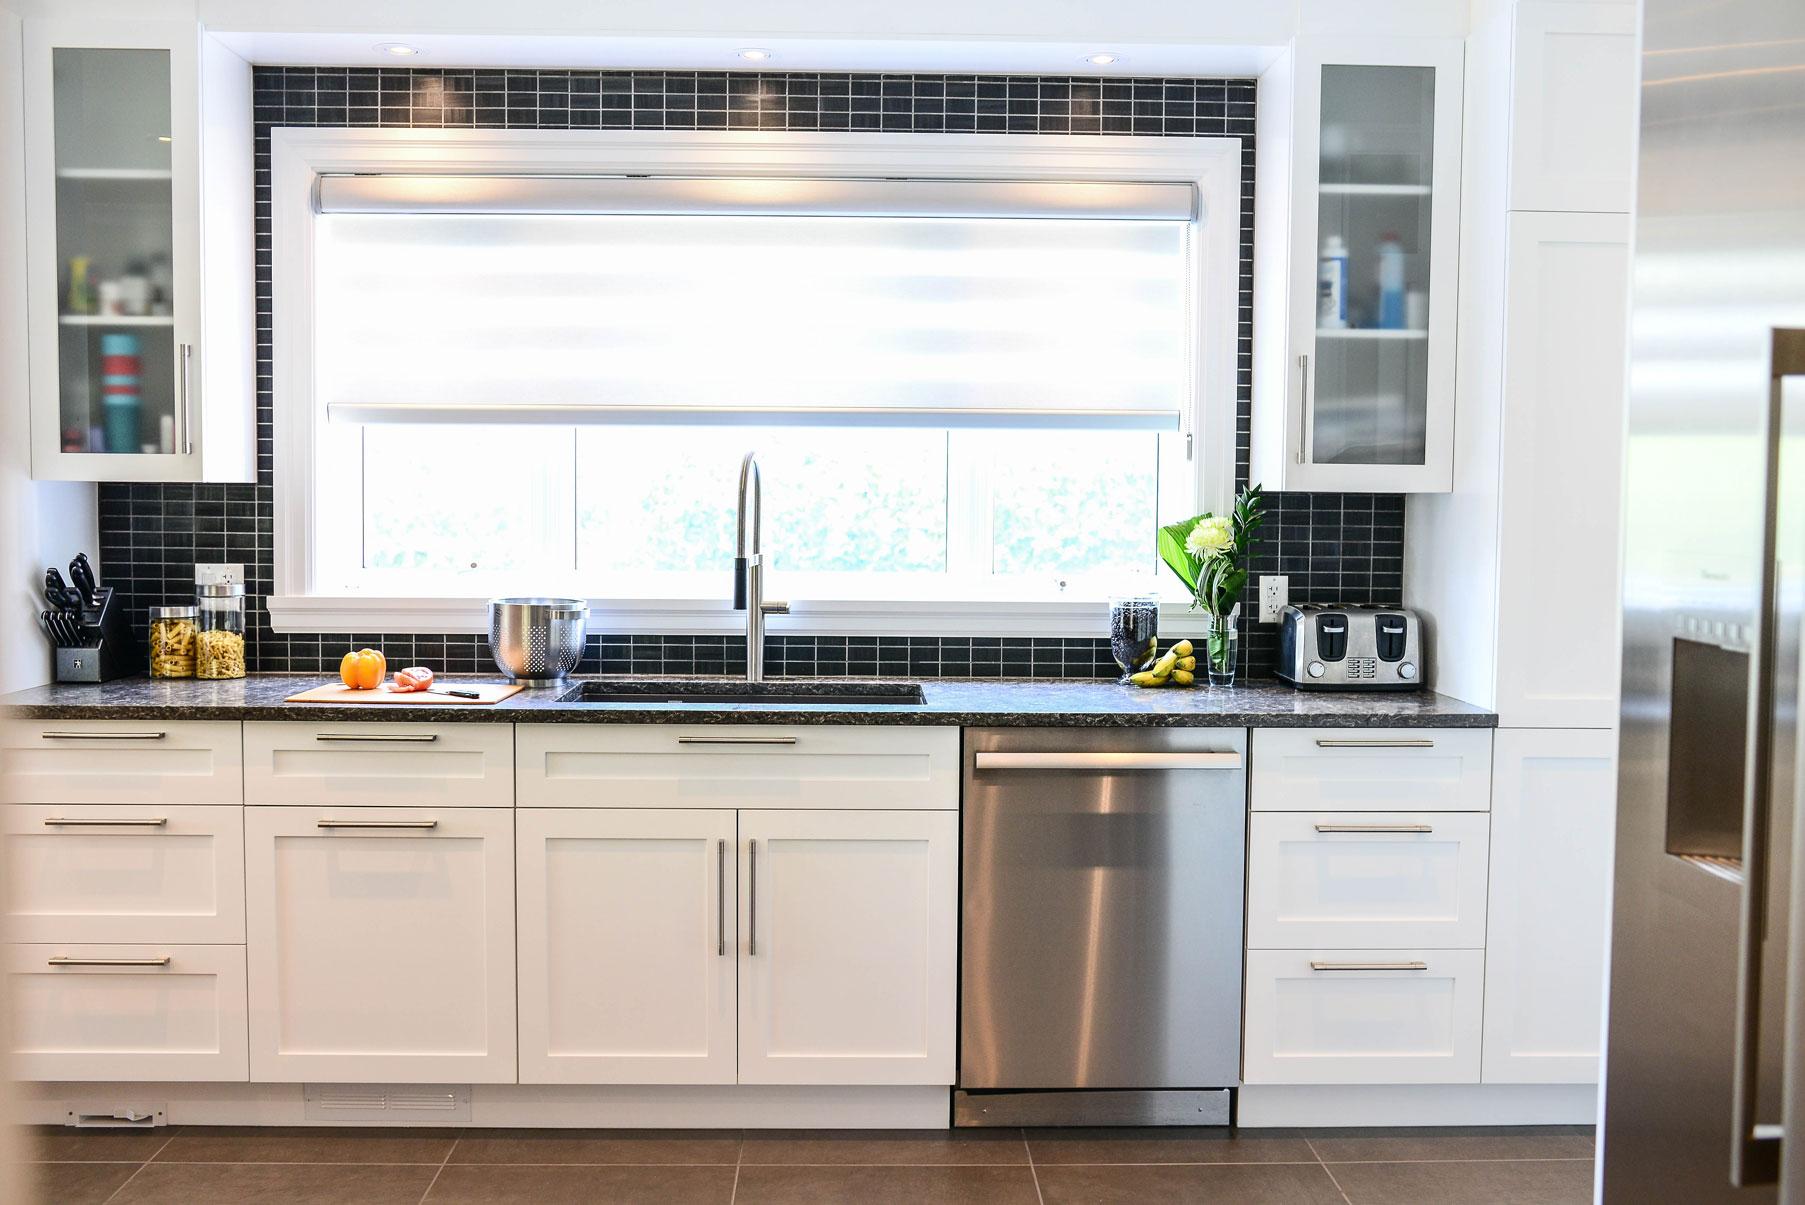 homewise-innovations-sylvio-kitchen-renovation-toronto-2
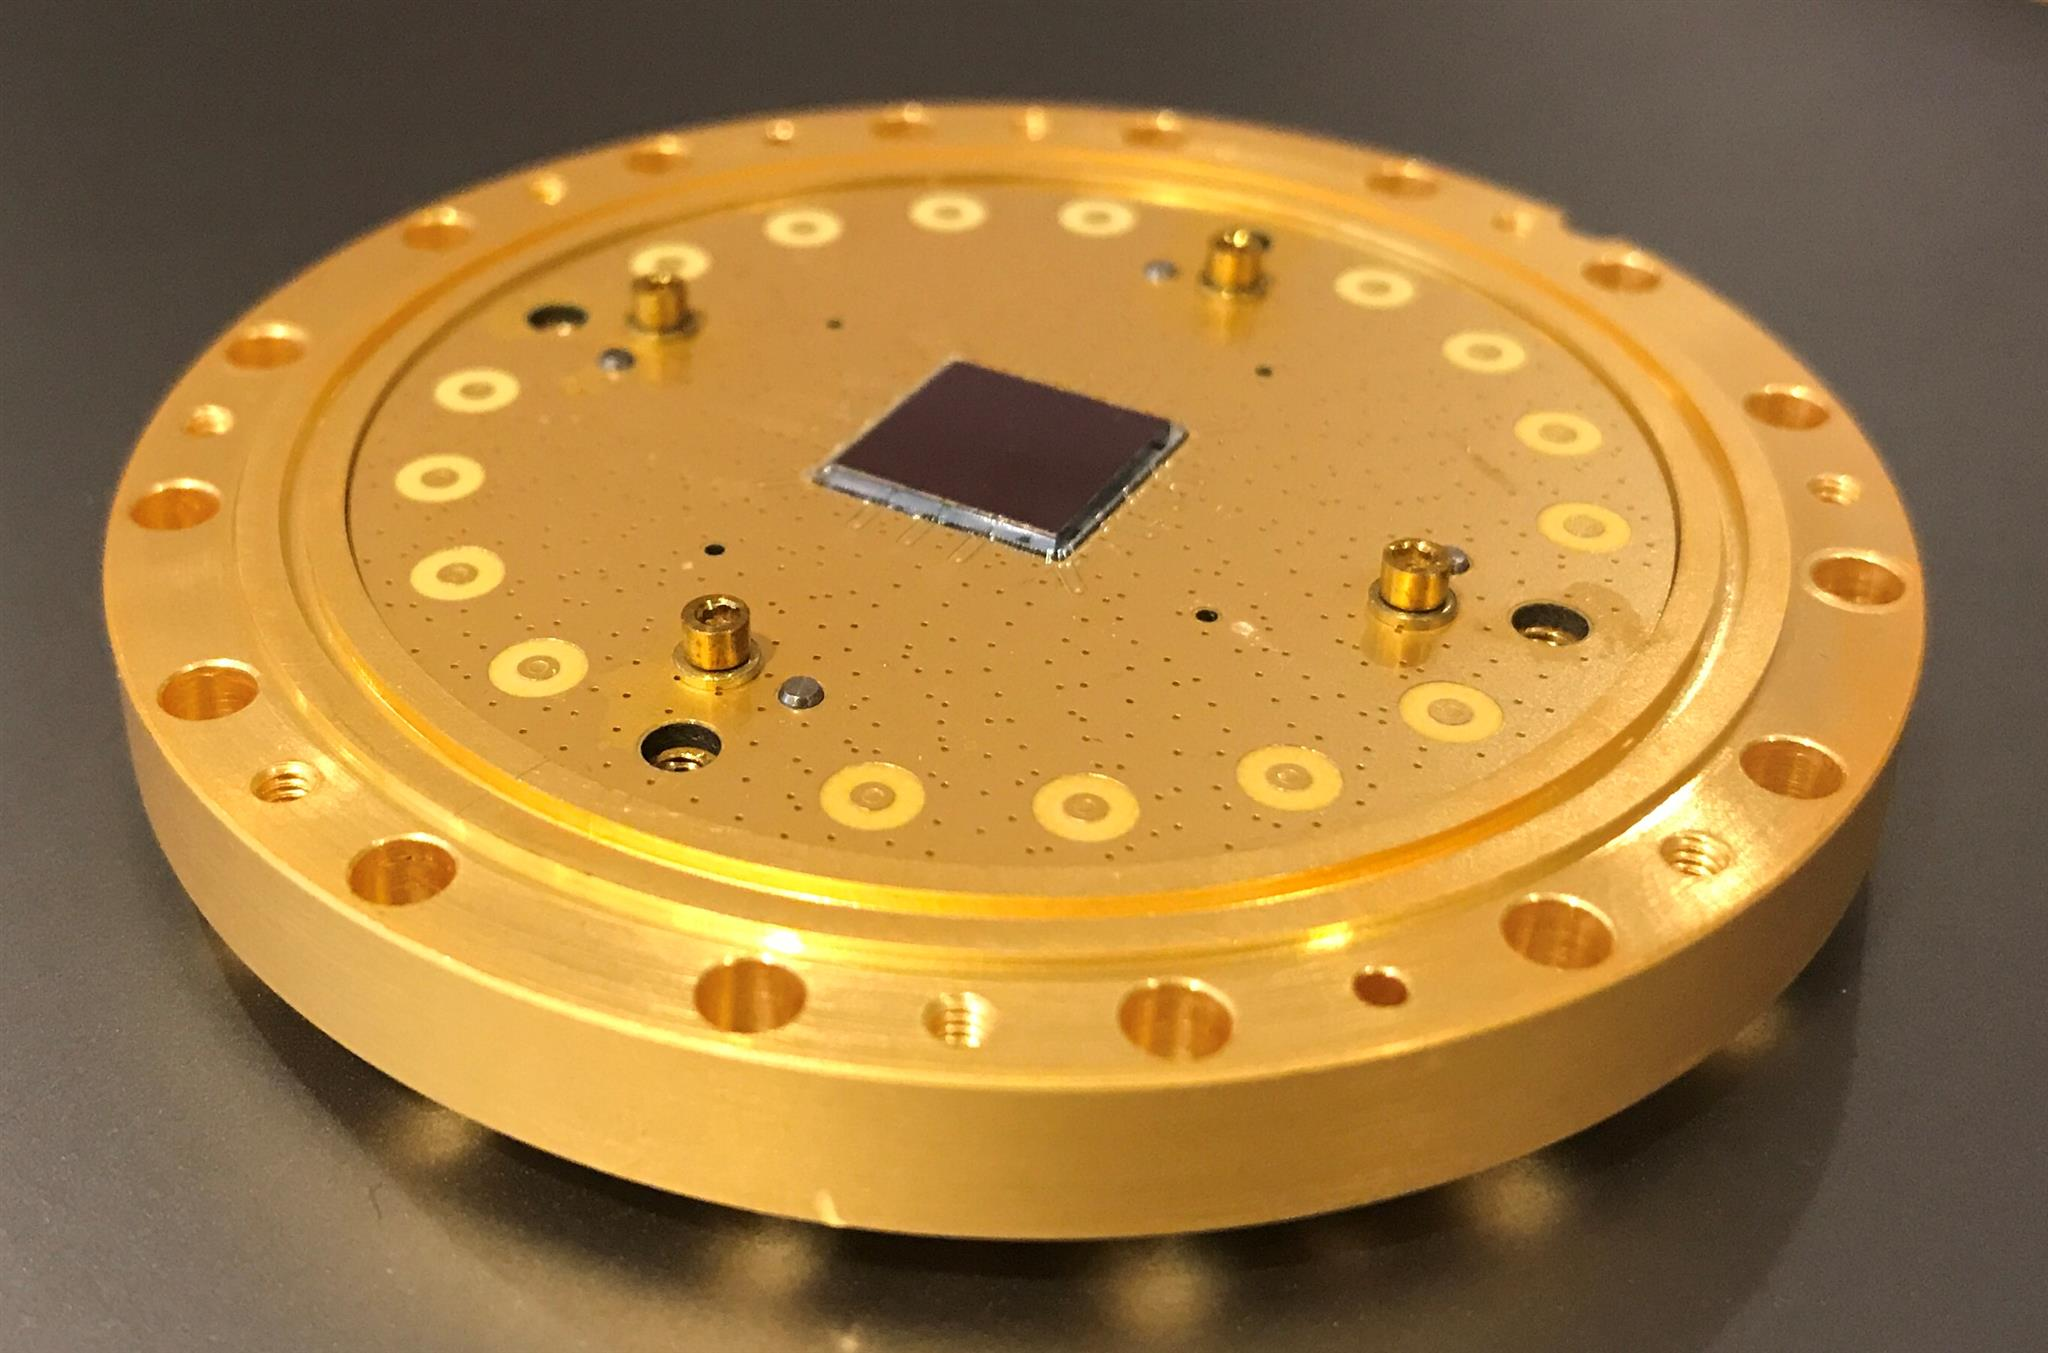 An 8-qubit quantum processor made by California-based quantum computing startup, Rigetti. Photo: Jacob Biamonte // Skoltech.
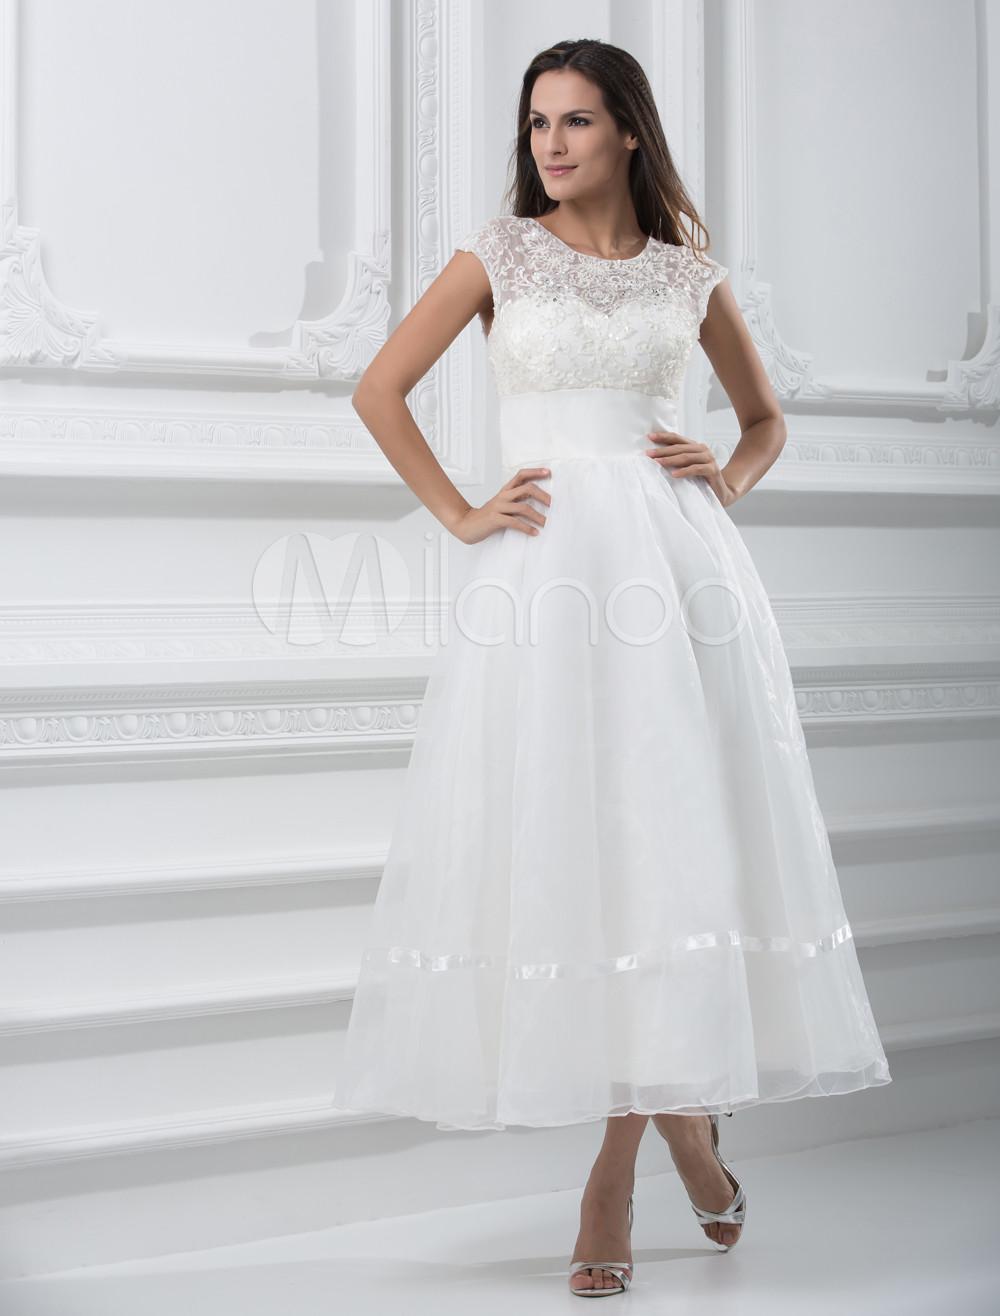 Outdoor Wedding Dresses mini wedding dress Corset Ruched Mini Length White Outdoor Wedding Dresses

Aim of the exercise: From the line containing "An 8-qubit quantum" down to the last line of the data, print every line exactly and nothing else. Pictures stay out of the copy.

Result for this exercise:
 An 8-qubit quantum processor made by California-based quantum computing startup, Rigetti. Photo: Jacob Biamonte // Skoltech.
 Outdoor Wedding Dresses mini wedding dress Corset Ruched Mini Length White Outdoor Wedding Dresses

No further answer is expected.